The result of left supination is shown below.

AVL tree summary

  1. It’s a balanced binary tree;
  2. Balance factor = {-1, 0, 1};
  3. Four rotation operations.

Due to the data structure of AVL tree, the height difference between left and right subtrees of each node is no more than 1, and the time complexity of extreme situations is very close to O(log2N), so its query efficiency is relatively high. However, this also brings some disadvantages: nodes need to store additional information (balance factor) and adjust frequently, hence the red-black tree.

Red and black tree

Red-black Tree is an approximately balanced BinarySearch Tree, which can ensure that the height difference between the left and right subtrees of any node is less than twice. Specifically, red-black trees are binary search trees that satisfy the following conditions:

  • Each node is either red or black
  • The root node is black
  • Each leaf node (NIL node, empty node) is black.
  • You can’t have two red nodes next to each other
  • All paths from any node to each of its leaves contain the same number of black nodes.

Key property: The longest possible path from the root node to the leaf node is no more than twice the shortest possible path.

Finally, there is an overview and comparison of AVL tree and red-black tree, as shown in the figure below.

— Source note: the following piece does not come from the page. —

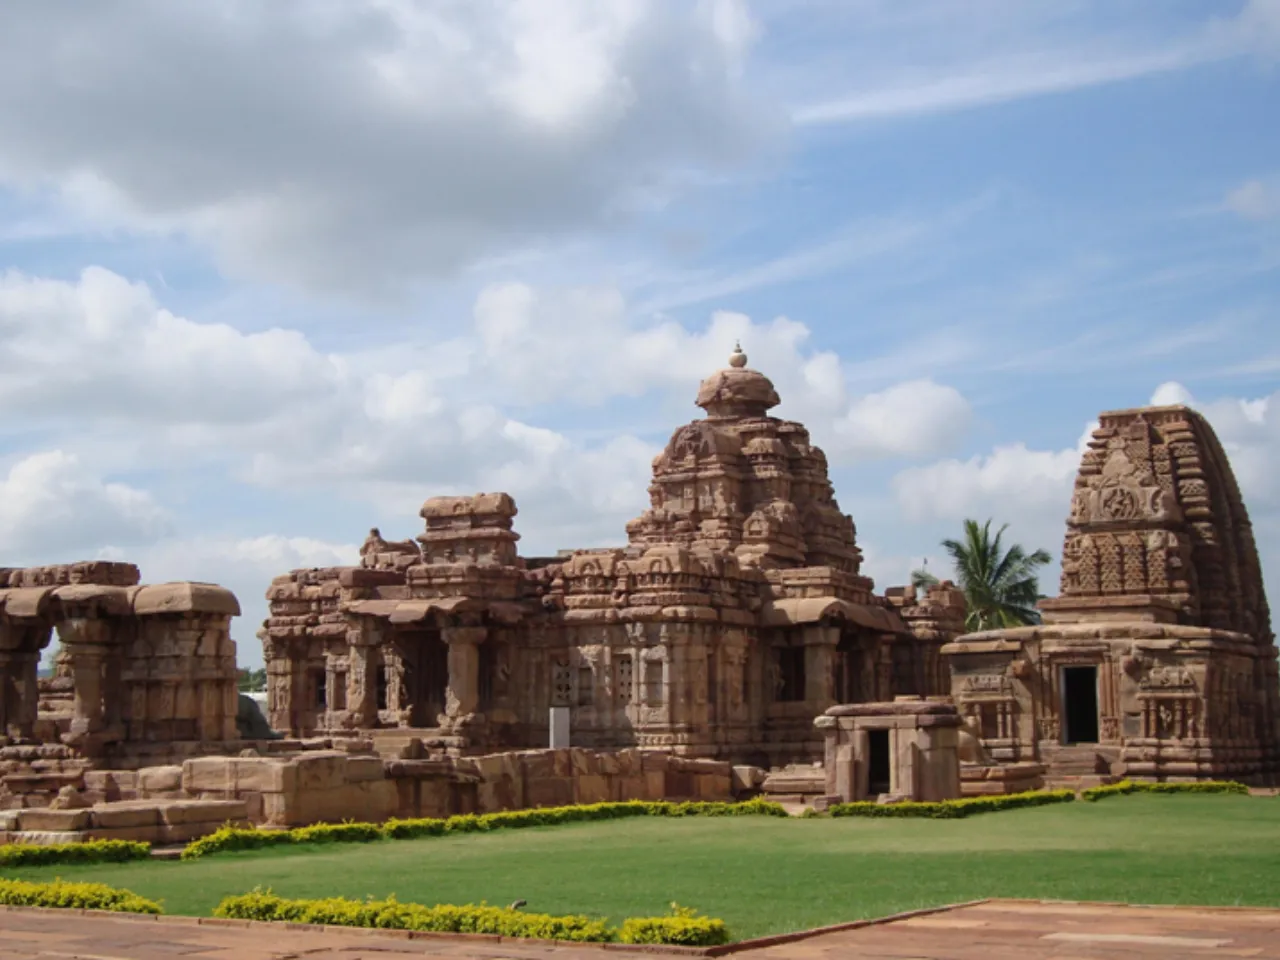 UNESCO World Heritage Sites: The Countless Structures of the Group of Monuments at Pattadakal

  • AVL trees have higher query efficiency than red-black trees because AVL trees are more strictly balanced. The height difference between the left and right subtrees of the AVL tree mentioned above is no more than 1, and the longest possible path from the root node to the leaf node of a red-black tree is no more than twice the shortest possible path.
  • Red-black trees have higher insertion and deletion efficiency than AVL because red-black trees are approximately balanced trees. AVL tree if add/remove nodes becauseBalance factorFor more rotation operations.
  • AVL trees store more information than red-black trees, so AVL trees consume more space than red-black trees. You want to deposit AVLBalance factorAnd the height of the tree, and the red-black tree only has to store a bit to store 0 or 1 to indicate whether it’s black or red.
  • Red-black trees are commonly used in high-level languages (Java, C++…) There are more MAP structures and more AVL trees in the database. Because according to the above conclusion, if there are a lot of read operations or half of read/write operations, use red-black trees, so there are more maps in high-level languages. Databases tend to do more reads than writes, so AVL trees are generally used.